1. Read the label areas of all NVDIMMs and discover the DPA range and
   Interleave Set for namespace _X_
2. Read the Region Mapping Structures from the NFIT table, and find
   out which structures match the DPA ranges for namespace _X_
3. Find the System Physical Address Range Structure Index associated
   with the Region Mapping
4. Look up the SPA Range Structure in the NFIT table using the SPA
   Range Structure Index
5. Read the SPA range _Y-Z_

An OS driver can modify the namespaces by modifying the Label Storage
Areas of the corresponding DIMMs.  The NFIT table describes how the OS
can access the Label Storage Areas.  Label Storage Areas may be
"isolated", in which case the area would be accessed via
device-specific AML methods (DSM), or they may be exposed directly
using a well-known location.  AML methods to access the label areas
are "dumb": they are essentially a memcpy() which copies into or out
of a given {DIMM, Label Area Offest} address.  No checking for
validity of reads and writes is done, and simply modifying the labels
does not change the mapping immediately -- this must be done either by
the OS driver reprogramming the NVDIMM memory controller, or by
rebooting and allowing the firmware to it.

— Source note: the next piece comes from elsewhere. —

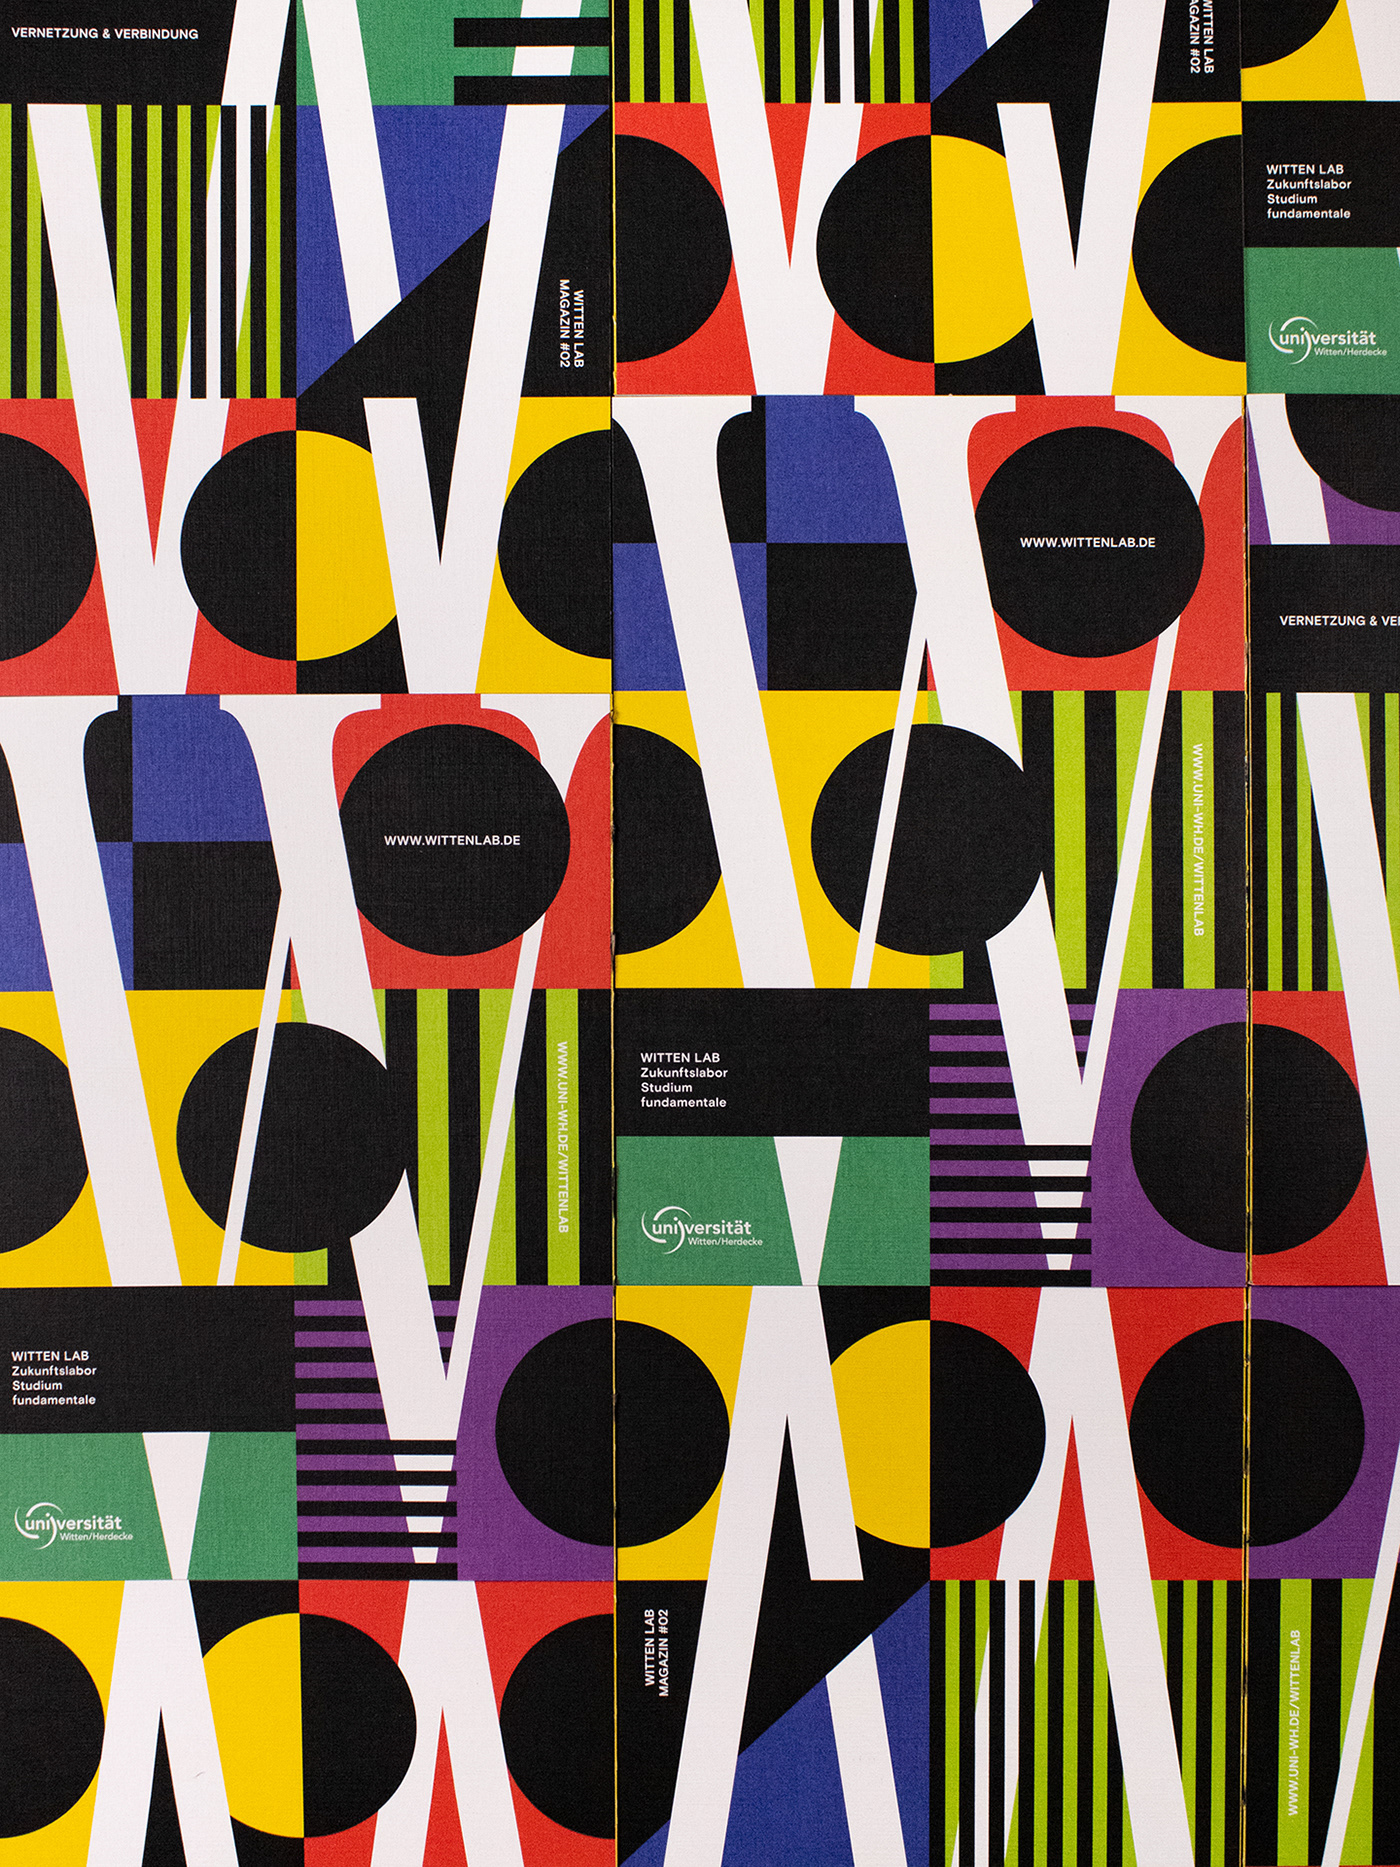 colour colourblock design editorial design  graphic design  Layout magazine print design  typography

Modifying labels is tricky, due to an issue that will be somewhat of a
recurring theme when discussing NVDIMMs: The necessity of assuming
that, at any given point in time, power may be suddenly cut, and the
system needing to be able to recover sensible data in such a
circumstance.  The [UEFI Specification][uefi-spec] chapter on the
NVDIMM label protocol specifies how the label area is to be modified
such that a consistent "view" is always available; and how firmware
and the operating system should respond consistently to labels which
appear corrupt.

## NVDIMMs and filesystems

Along the same line, most filesystems are written with the assumption
that a given write to a block device will either finish completely, or
be entirely reverted.  Since access to NVDIMMs (even in PBLK mode) are
essentially `memcpy`s, writes may well be interrupted halfway through,
resulting in _sector tearing_.  In order to help with this, the UEFI
spec defines method of reading and writing NVRAM which is capable of
emulating sector-atomic write semantics via a _block translation
layer_ (BTT) ([UEFI spec][uefi-spec], chapter 6, "Block Translation
Table (BTT) Layout").  Namespaces accessed via this discipline will
have a _BTT info block_ at the beginning of the namespace (similar to
a superblock on a traditional hard disk).  Additionally, the
AddressAbstraction GUID in the namespace label(s) should be set to
`EFI_BTT_ABSTRACTION_GUID`.

## Linux

Linux has a _direct access_ (DAX) filesystem mount mode for block
devices which are "memory-like" ^[kernel-dax].  If both the filesystem
and the underlying device support DAX, and the `dax` mount option is
enabled, then when a file on that filesystem is `mmap`ed, the page
cache is bypassed and the underlying storage is mapped directly into
the user process. (?)

[kernel-dax]: https://www.kernel.org/doc/Documentation/filesystems/dax.txt

Linux has a tool called `ndctl` to manage NVDIMM namespaces.  From the
documentation it looks fairly well abstracted: you don't typically
specify individual DPAs when creating PBLK or PMEM regions: you
specify the type you want and the size and it works out the layout
details (?).

The `ndctl` tool allows you to make PMEM namespaces in one of four
modes: `raw`, `sector`, `fsdax` (or `memory`), and `devdax` (or,
confusingly, `dax`).

The `raw`, `sector`, and `fsdax` modes all result in a block device in
the pattern of `/dev/pmemN[.M]`, in which a filesystem can be stored.
`devdax` results in a character device in the pattern of
`/dev/daxN[.M]`.

It's not clear from the documentation exactly what `raw` mode is or
when it would be safe to use it.

`sector` mode implements `BTT`; it is thus safe against sector
tearing, but does not support mapping files in DAX mode.  The
namespace can be either PMEM or PBLK (?).  As described above, the
first block of the namespace will be a BTT info block.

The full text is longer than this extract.